Proceedings PaperTime/scale-adjusted dyadic wavelet packet bases
|Format||Member Price||Non-Member Price|
This paper generalizes the dyadic wavelet packet bases (DWP), developed by Coifman and Wickerhauser, to time/scale-adjusted DWP bases. These generalized DWP bases provide more flexibility in matching the time-scale characteristics of the input signal. Development of these generalized bases is achieved by combining the previously defined time-invariant DWP bases of Pesquet, Krim, Carfantan, and Proakis with a generalized scale sampling. The generalized scale sampling extends the usual dyadic sampling by adding a real-valued offset parameter to the integer power of two in the scale parameter. This offset parameter value is taken between zero and one. By combining both scale and translation generalizations, signal components existing between consecutive dyadic scales, or consecutive time translations, may be captured.

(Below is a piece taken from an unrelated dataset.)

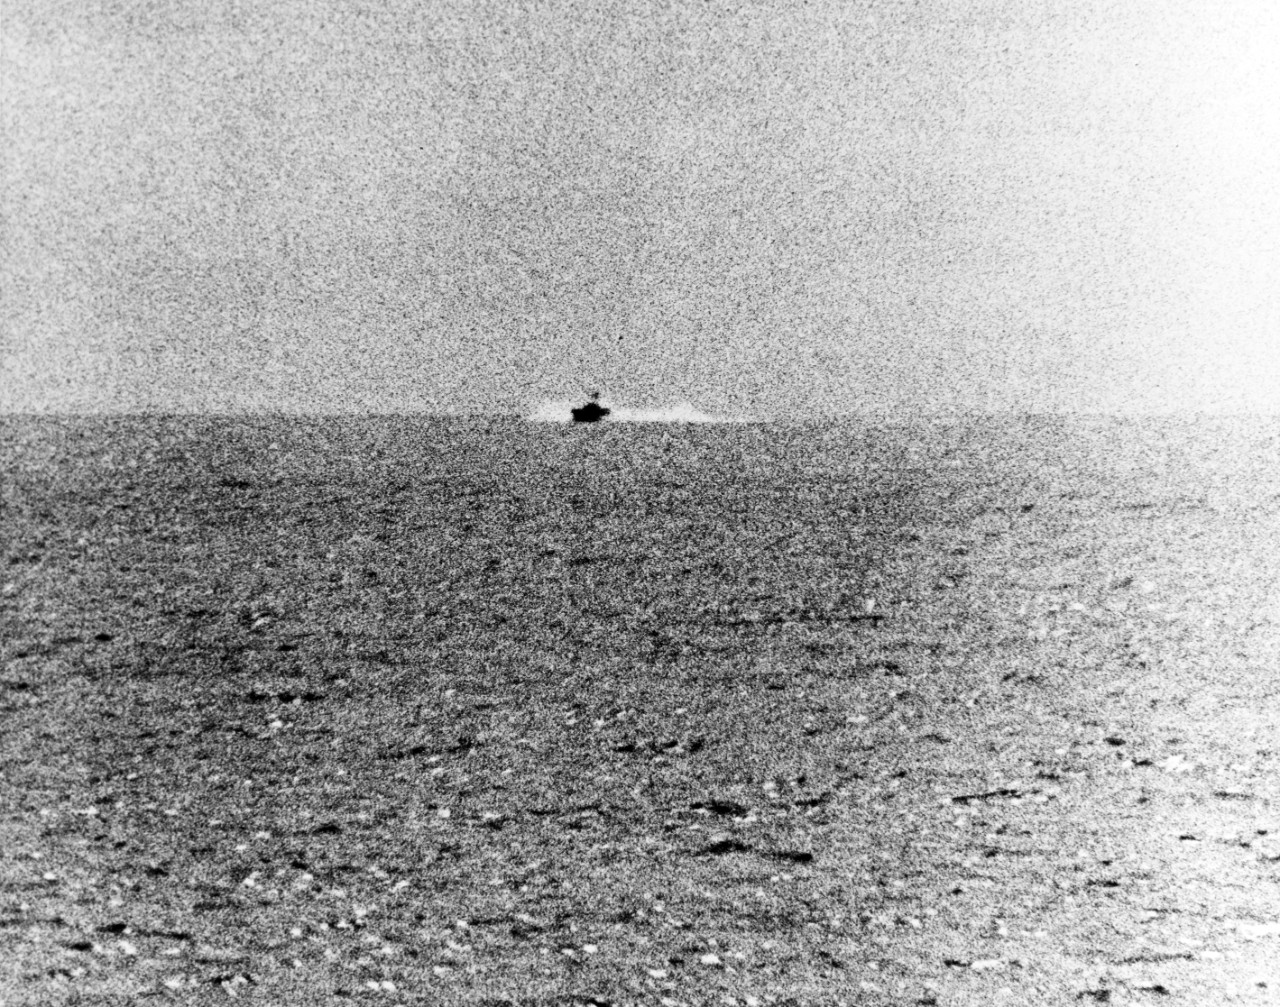 Photograph taken from USS Maddox (DD-731) during her engagement with three North Vietnamese motor torpedo boats in the Gulf of Tonkin, 2 August 1964. The view shows one of the boats speeding towards the Maddox. Official U.S. Navy Photograph.

It is shown how these DWP coefficients may be generated from a two step process; first projecting the input signal onto an appropriate space. Then, performing the usual wavelet low and highpass filtering operations, followed by downsampling. The projection operation is shown to be equivalent to a filtering operation. An expression for the filter taps is derived, and basic properties are proven. A translation-invariant transform defined on these scale-adjusted wavelet packets, is developed. An application to transient detection is presented, by developing a transient detector based on this transform. ROC curves, generated by Monte- Carlo simulation, are presented demonstrating detector performance. Detector performance is shown to be independent of the signal translation. It is further shown how matching the basis functions to the time-scale-frequency characteristics of the transient can provide improved detection performance.